The law prohibits online services from collecting, using or disclosing personal information from children under age 13, unless parents give their consent.
“The Justice Department will vigorously work to ensure businesses respect parents’ rights to decide when their children’s personal information can be collected and used,” said Brett A. Shumate, assistant attorney general of the Civil Division. “We will continue to work with the FTC to stop unlawful intrusions on children’s privacy.”
A civil complaint filed last month in federal court in San Francisco stated that Apitor uses an app to operate toys that move and through the Android app secretly collects geolocation data on children under age 13.
“Ultimately, defendant’s surreptitious collection of underage users’ geolocation information causes injury by compromising sensitive personal information of children,” the complaint said, noting the failure under law to obtain parental consent.
The court order requires Apitor to stop collecting data on children without first directly notifying parents and obtaining consent. It also imposed a $500,000 civil penalty, but the fine was suspended because the company said it could not pay, the Justice Department said in a statement.
The stipulation agreement says Apitor neither admits nor denies the allegations in the complaint. It directs the company to delete all personal information obtained from children.
Spokesmen for Apitor and the Justice Department did not immediately respond to a request for comment.

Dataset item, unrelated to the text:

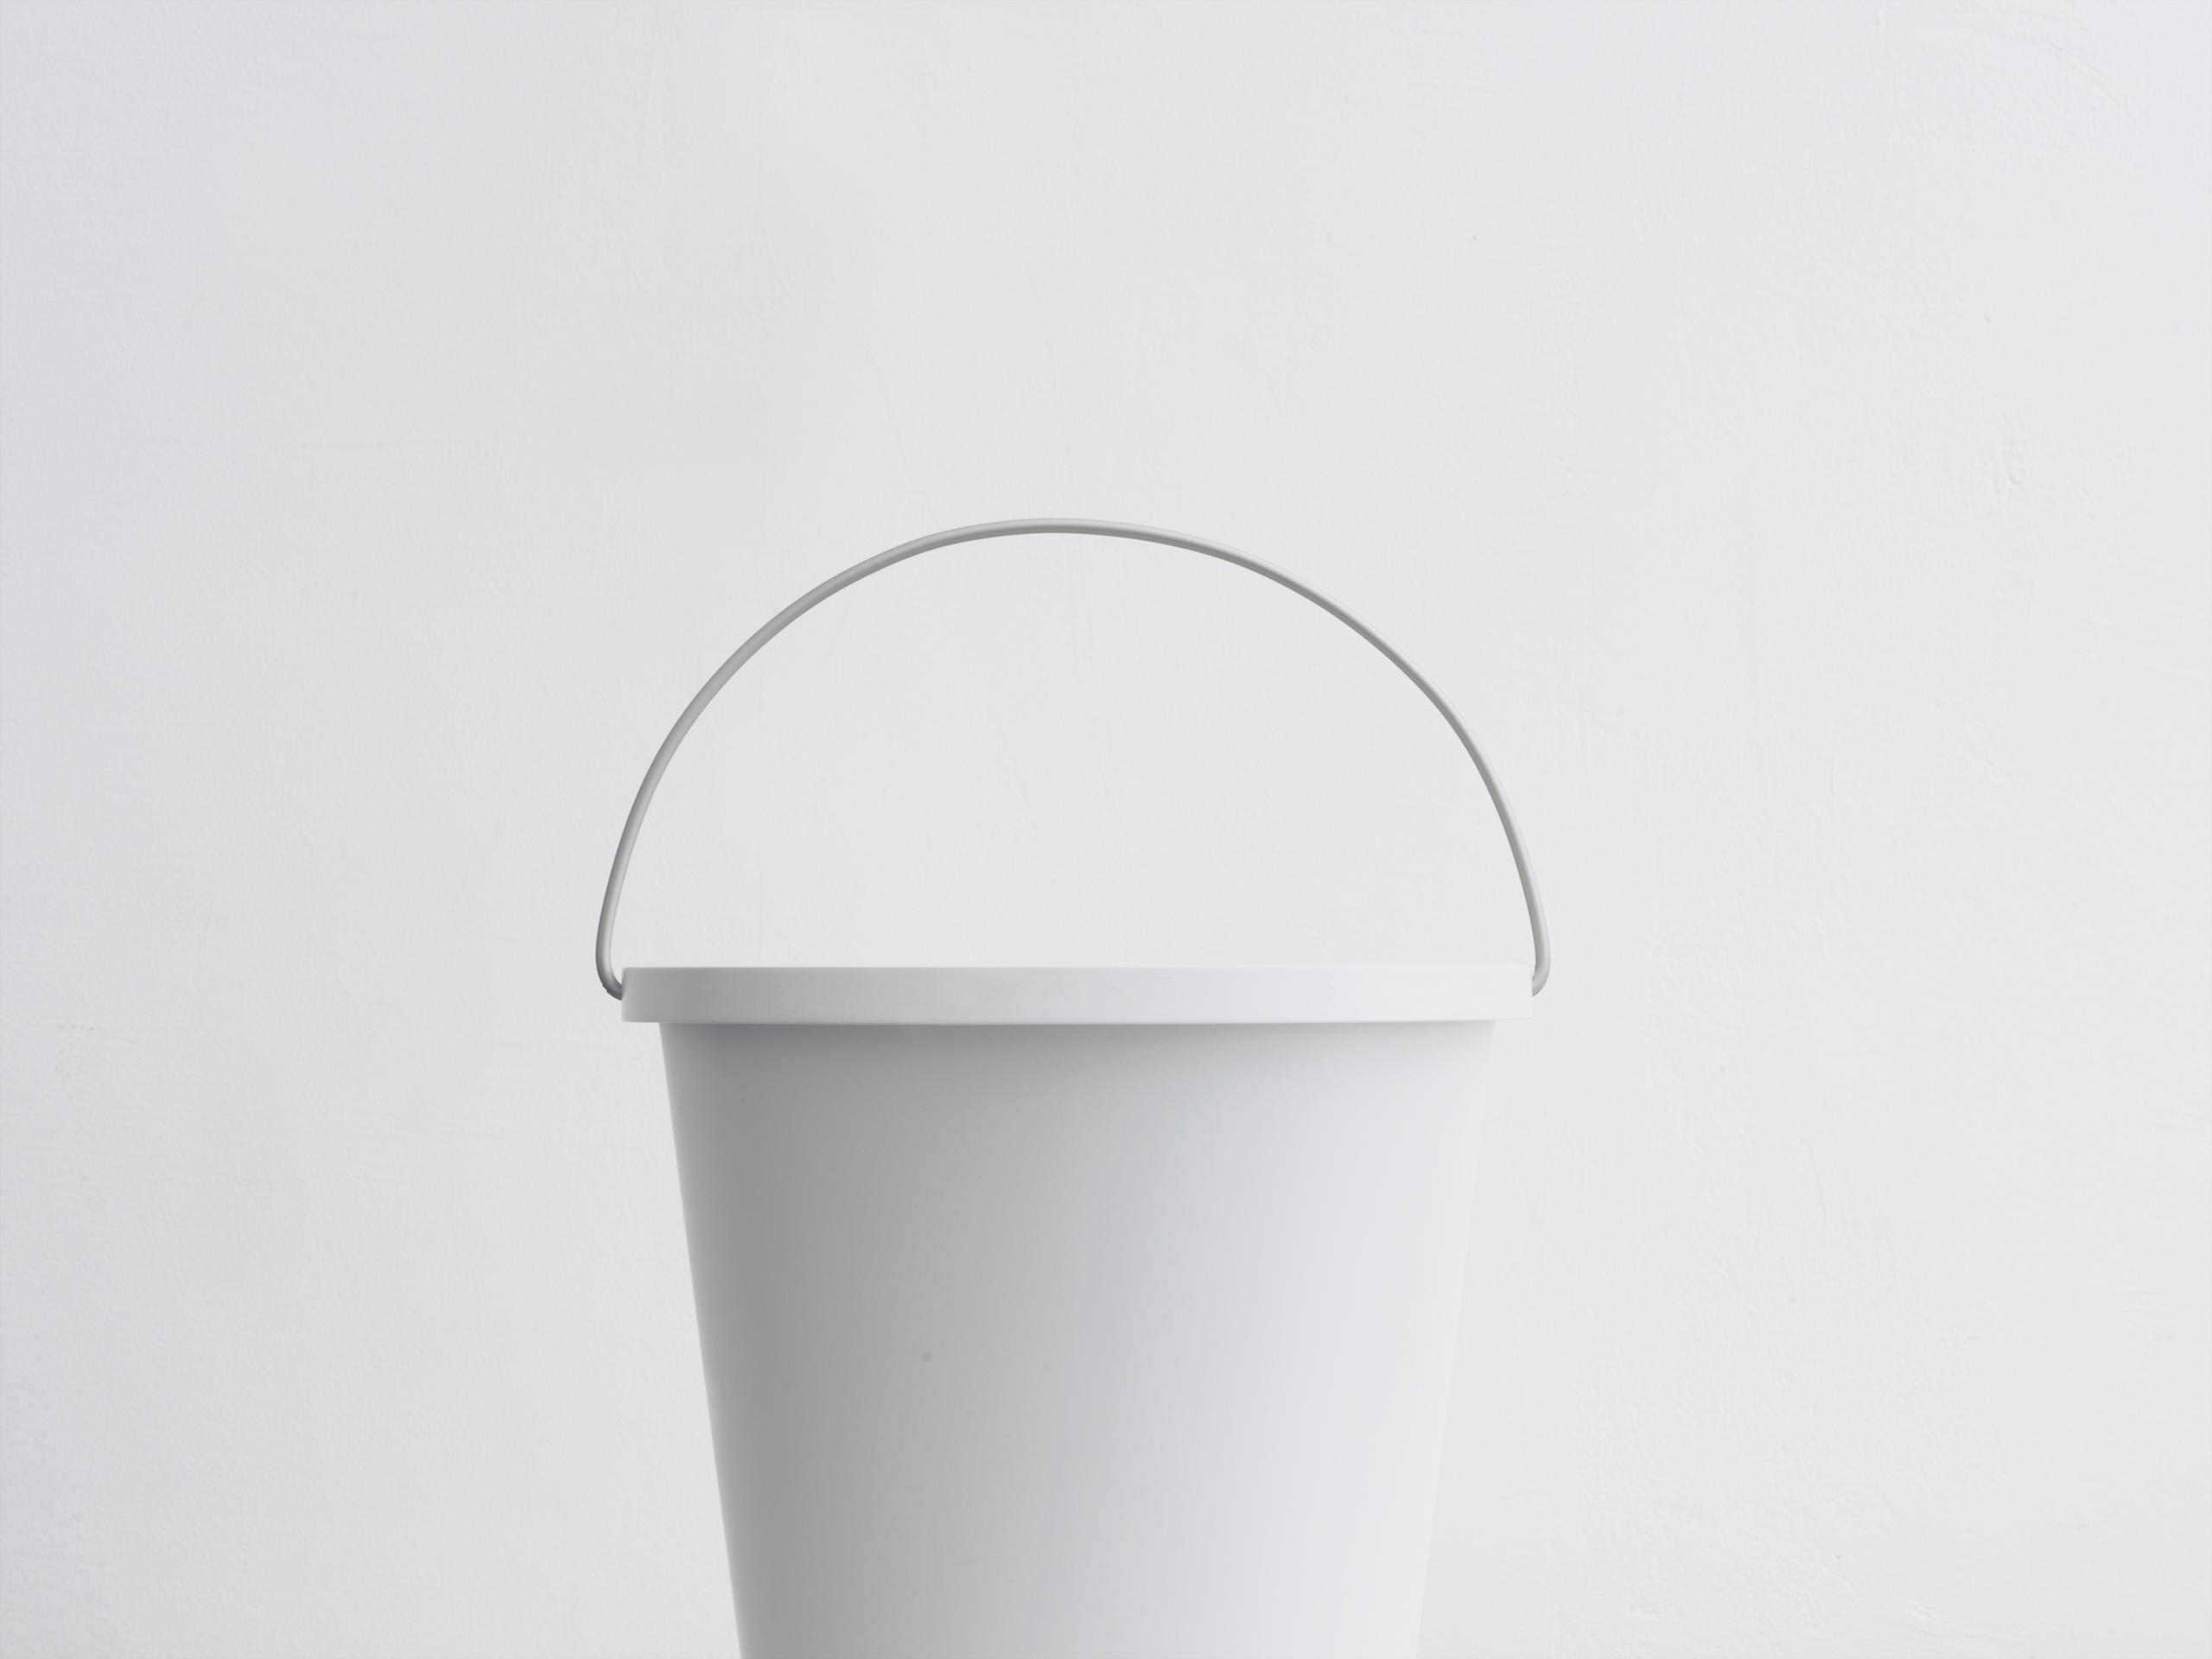 gerhardt_kellermann_muji_bucket-02

China, in the past several decades, has been collecting masses of data on Americans stolen from government and private sector networks. Analysts believe the data is part of the Chinese government’s efforts to develop artificial intelligence for spying or information warfare purposes.
Apitor is the international brand name of Shenzhen Zhihou Technology Co., Ltd., a Shenzhen-based company founded in 2019. The company sells educational robots, building-block kits and smart toys.
While Apitor markets itself internationally as an education company and toy manufacturer, its parent entity, Shenzhen Zhihou, has extensive links to security and ideological education projects in China, according to China specialist L.J. Eads.
The company works with Chinese security services through interactive training. “These include immersive public security, civil air defense, traffic safety, anti-drug, and ‘Future Police School’ security education centers, often inaugurated with the participation of local Public Security Bureaus and senior officials from the Zhejiang Provincial Public Security Department,” said L.J.. Eads, head of the research firm Data Abyss.
Many projects explicitly integrate “party-building culture” and ideological messaging alongside safety instruction, he said.
Mr. Eads said Apitor functions as an extension of CCP civic indoctrination efforts, especially targeting youth by embedding Party and police narratives in its educational products.
“Internationally, the Apitor brand may appear neutral, but its corporate parent’s domestic role in CCP-driven campaigns creates reputational risk if foreign partners, schools, or governments adopt Apitor products unaware of this dual alignment,” he said.